At the 3000 ppm treatment, clinical examinations showed a decreased number of estrous cycles (0.15 in comparison to 3.7 in control) and a decreased number of animals with estrous cycle (3 out of 20). Clinical pathology showed decreased prolactin values in proestrus between study days 0 and 4 as well as between days 15 and 22. Decreased prolactin values were also observed after stimulation with metoclopramide compared to controls in rats of metestrus. Various pathology findings were present including decreased absolute and relative weight of ovaries, decreased absolute and relative uterus weight, decreased absolute and relative pituitary gland weight, decreased absolute and relative adrenal gland weight, diffuse atrophy of ovaries, diffuse atrophy of the uterus, diffuse atrophy of the cervix and diffuse atrophy of the vagina.

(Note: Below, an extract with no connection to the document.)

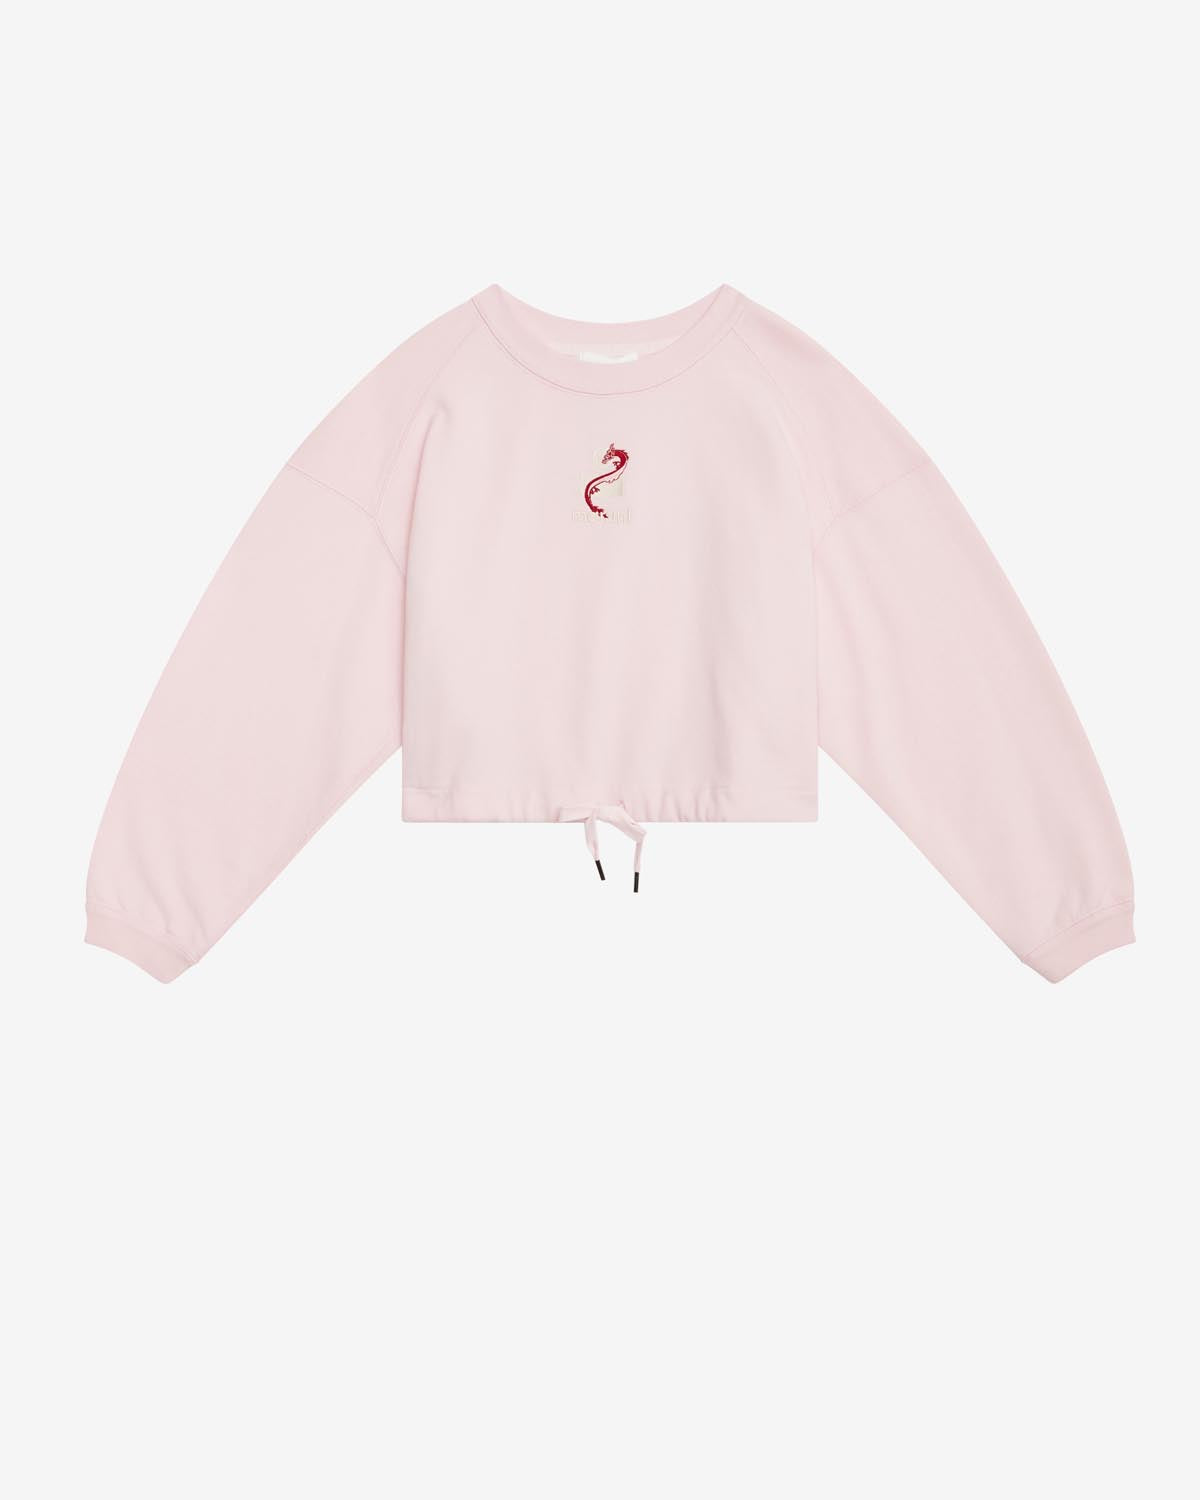 Margyo スウェットシャツ Woman ピンク 1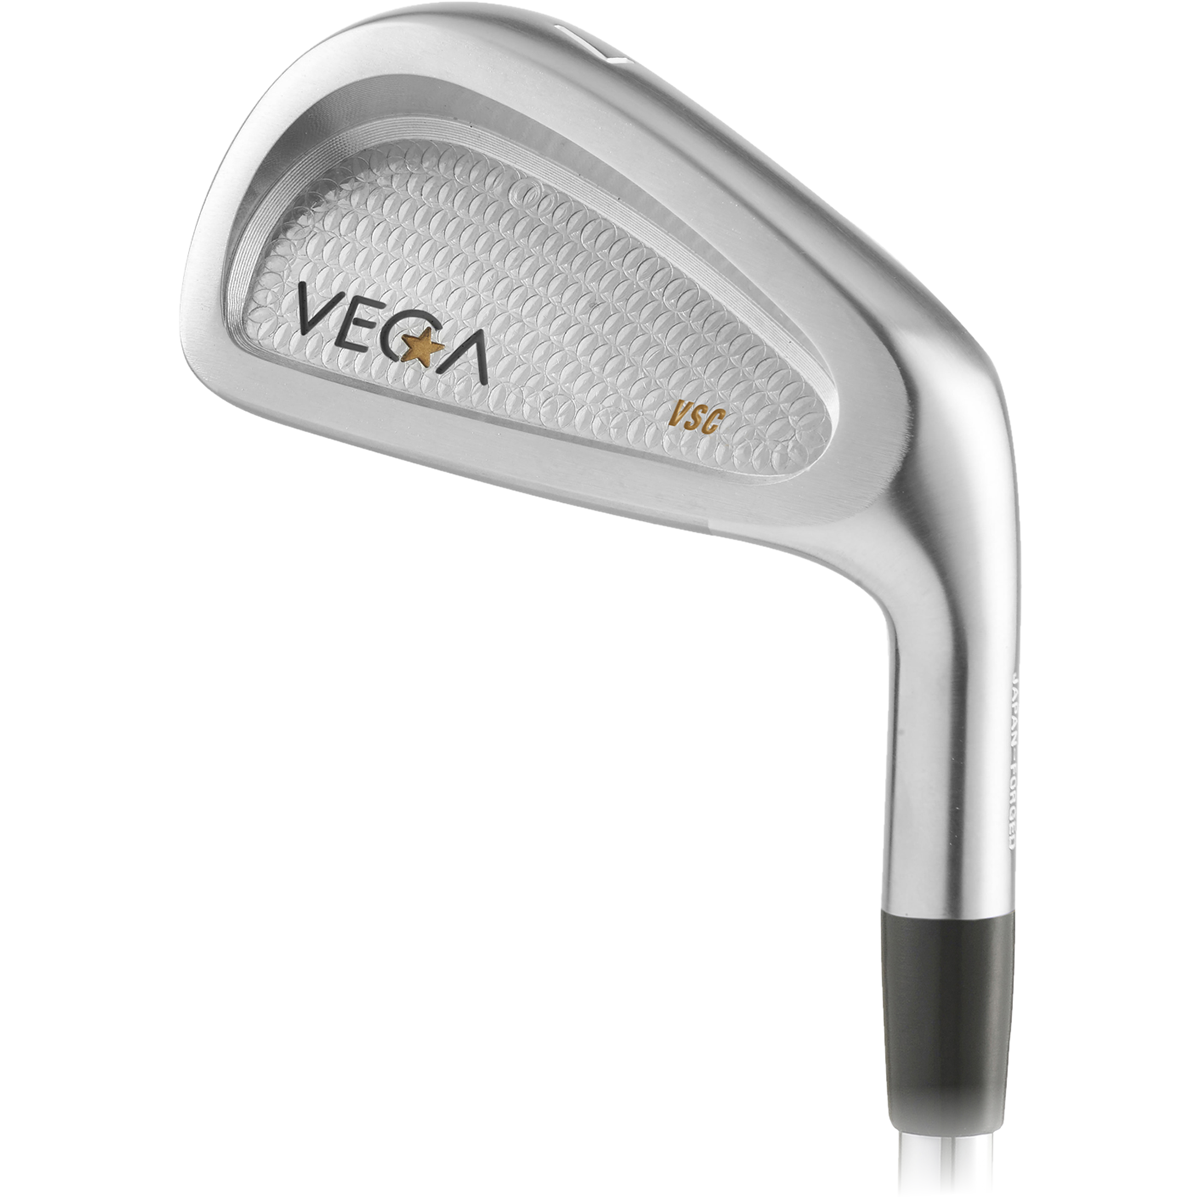 Vega Custom VSC Irons image 1

At the 1000 ppm treatment, clinical examinations showed no treatment-related adverse effects. Clinical Pathology showed decreased prolactin values in proestrus between study days 0 and 4 as well as between days 15 and 22. Decreased prolactin values were also observed after stimulation with metoclopramide compared to controls in rats of metestrus. There were no treatment-related, adverse effects on pathology.

At the 300 ppm Afidopyropen treatment there were no treatment-related adverse effects in any parameter.

In the treatment with Bromocriptine mesylate – positive control at 10 mg/kg bw/d, clinical examinations showed a slight body weight loss from day 0 to 7 as well as significantly increased number of estrous cycles and significantly decreased length of estrous cycles. Clinical pathology showed decreased prolactin values in proestrus between study days 0 and 3 as well as between days 16 and 22 and in estrus between study days 18 and 22. Decreased prolactin concentration was observed in estrus and metestrus in the afternoon of study day 24. Increased prolactin concentration in estrus and metestrus in the morning of study day 28 before metoclopramide stimulation. Decreased prolactin concentration values were observed after stimulation with metoclopramide compared to controls in rats of estrus and metestrus. Pathology showed an increased absolute (+49%) and relative (+47%) weights of ovaries as well as decreased absolute (-10%) and relative (-11%) weights of the pituitary gland.

Under the conditions of this study, with the administration of the test substance orally via the diet and Bromocriptine mesylate via gavage to female Fischer F344 rats for 4 weeks the NOEL (no observed effect level) was 100 ppm (test substance intake 18.2 mg/kg bw/d) based on prolactin plasma level alterations.

Both the test substance and Bromocriptine mesylate, caused a decrease of prolactin plasma levels with or without metoclopramide induced release.